We are talking about 5-50 matches and Parallel.For optimized them very well with the old SqlClient solutions, I have seen running it with 200 matches without an issue before. These are not intensive tasks, only simple stuff, and some queries, but they are running long. Ideally, I would like to continue saving the progress to the database without a major rewrite.

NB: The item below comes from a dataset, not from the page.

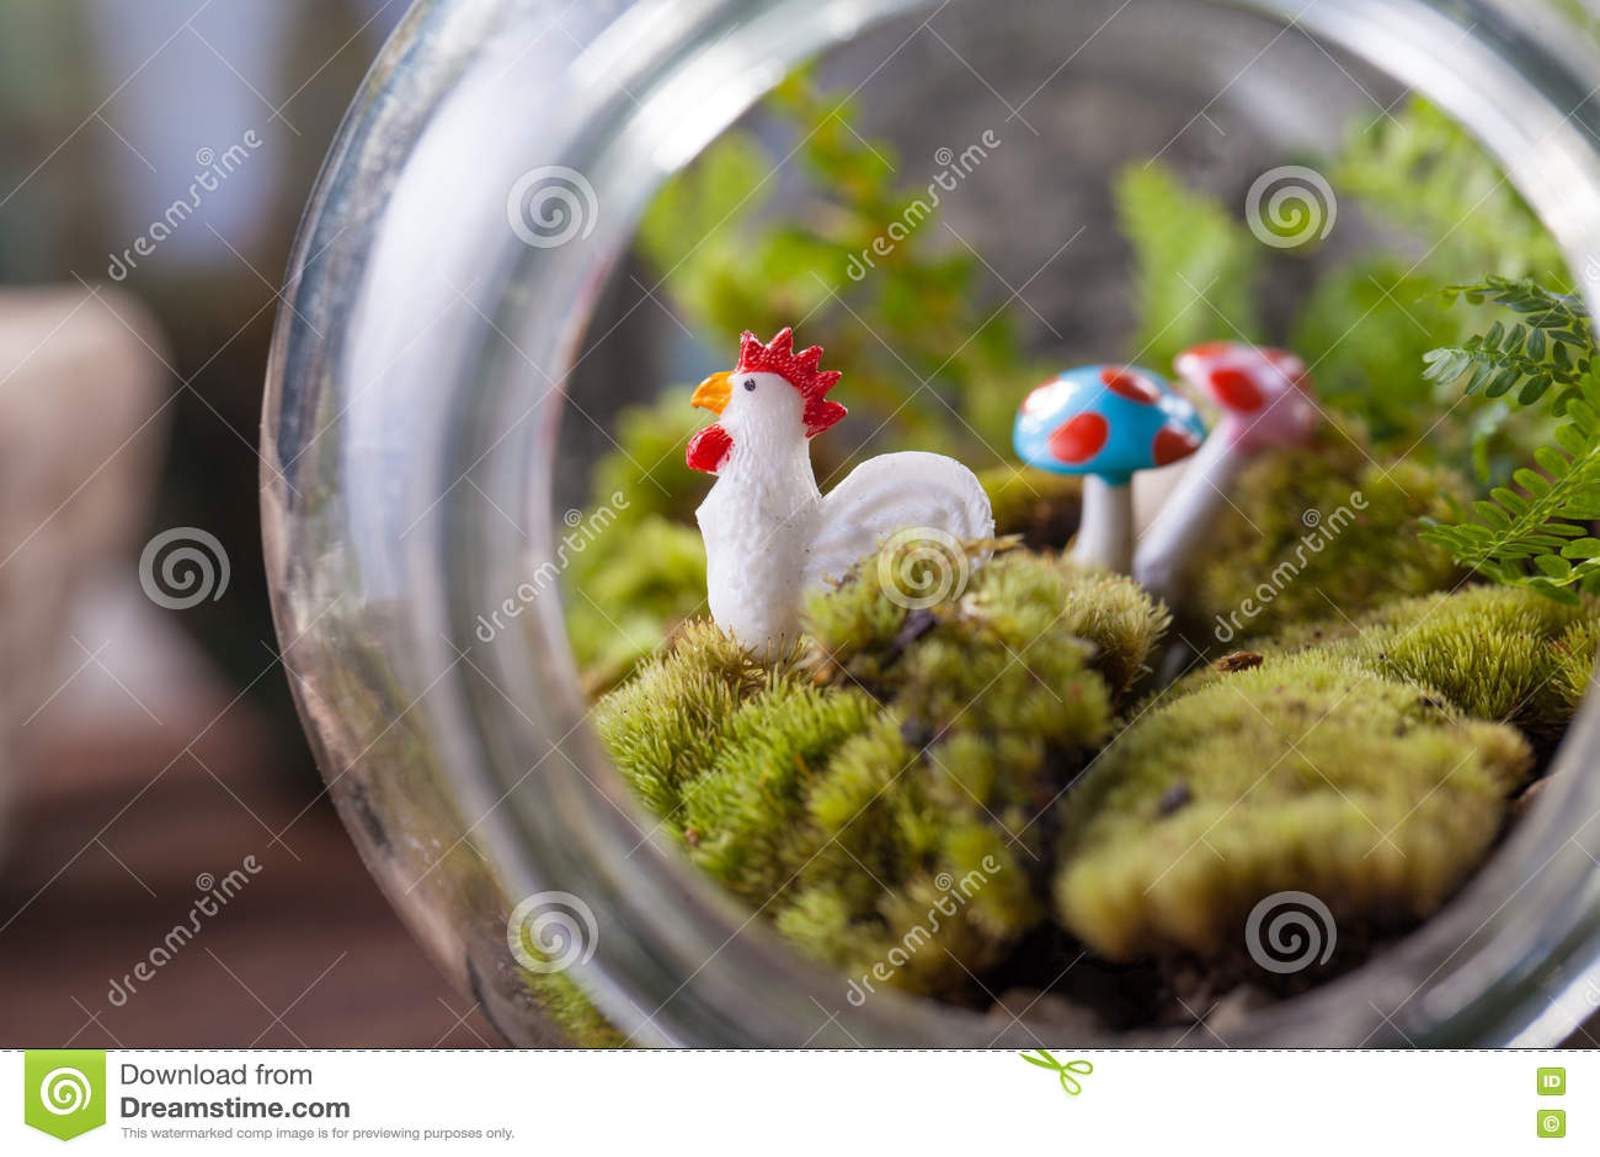 A Terrarium Bottle Stock Image Image Of Garden Flamingo 80872269
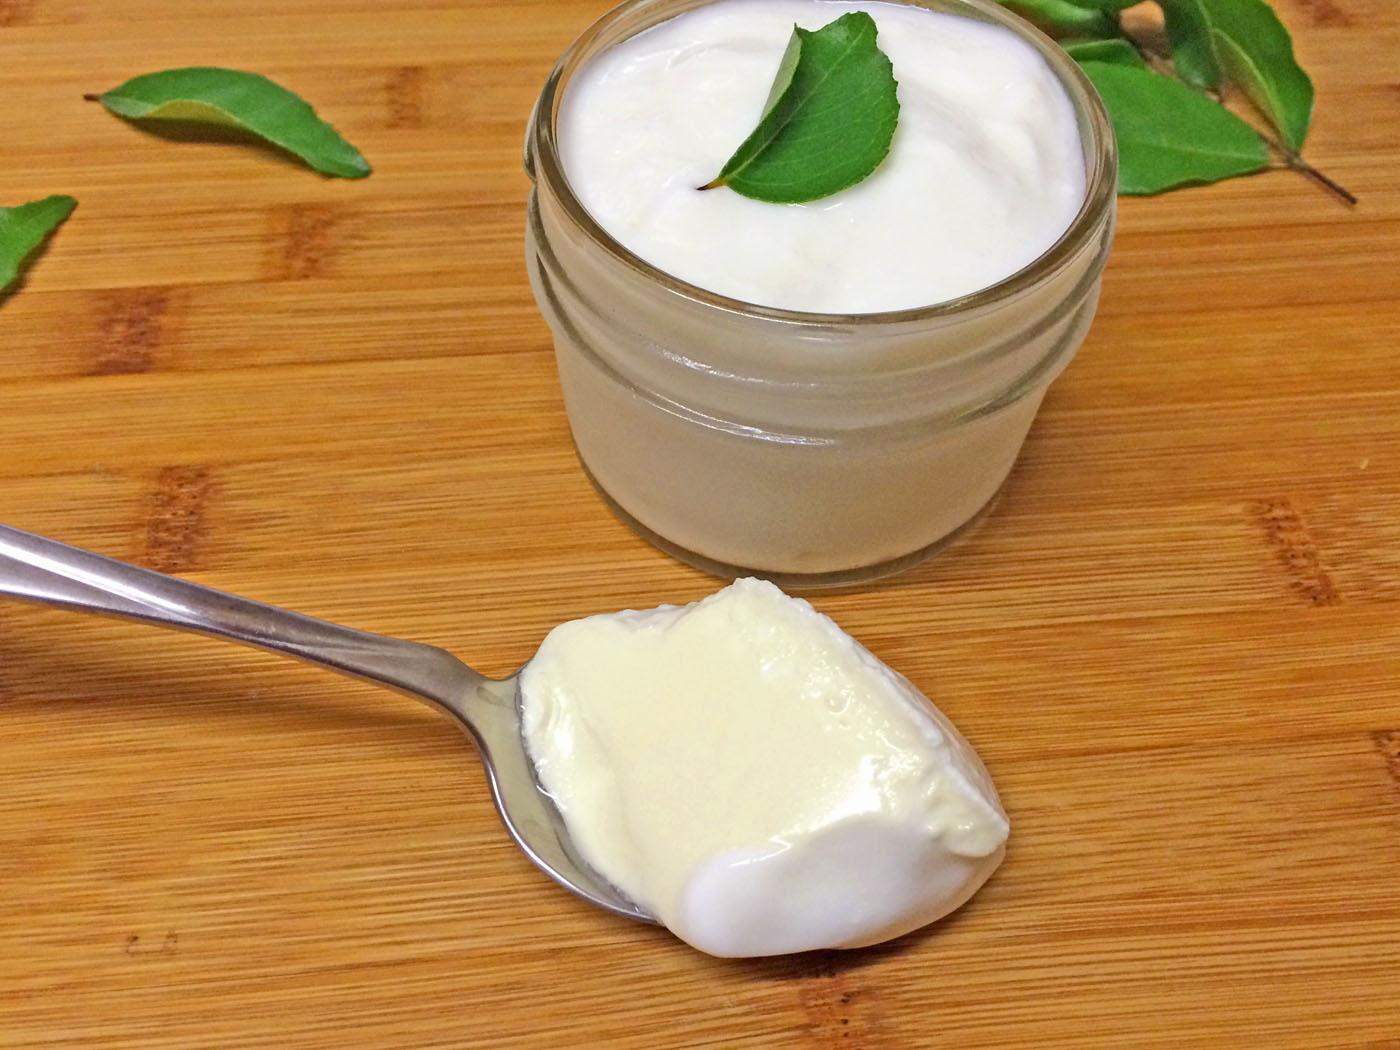 MIND Diet- Sharpen the brain with brain food recipes, Homemade yogurt

The ultimate question is, is there a conceptual issue here, that I am too newbie to recognize, or this solution should work fine and there is something fuzzy going on in the black spots of the code?

1

There are 1 answers

0
Guru Stron On

It would more in guess territory then something I can prove but from my experience multiple SomeInsert's with the same context look a bit suspicious. EF Core performs insert/update operation relying on tracking and even if you use AsNoTracking new entries still will be handled by change tracker, so if you are actually inserting a lot of data (and note that EF always was not very suitable for batch inserts) you will end up with the change tracker having a lot of entities which can slow down EF performance considerably. I would suggest one of the following options:

  • Call ChangeTracker.Clear after inserting some considerable amount of entities* (this also can be used instead of recreating the context outside the loop)
  • Recreate the context after inserting some considerable amount of entities*
  • Use another technology or extension library (EFCore.BulkExtensions for example) supporting bulk inserts

* - you will need to determine the optimal size of inserted data to recreate/clear tracker and call SaveChanges, like was done for old iteration of EF in this answer.

P.S.

Parallel.For
public void longSim()
Thread.Sleep(5000);

I would strongly advice to make longSim asynchronous by using await Task.Delay(5000) and switch to Parallel.ForEachAsync which supports async methods. This also will allow to use async versions of EF Core methods.

One more thing which can be worth taking into consideration is thread pool starvation which can sometimes have somewhat similar "side" effects but if the only change you made is the switch to EF Core instead SQLClient and it leads to the observed behaviour then thread pool starvation should not be the reason.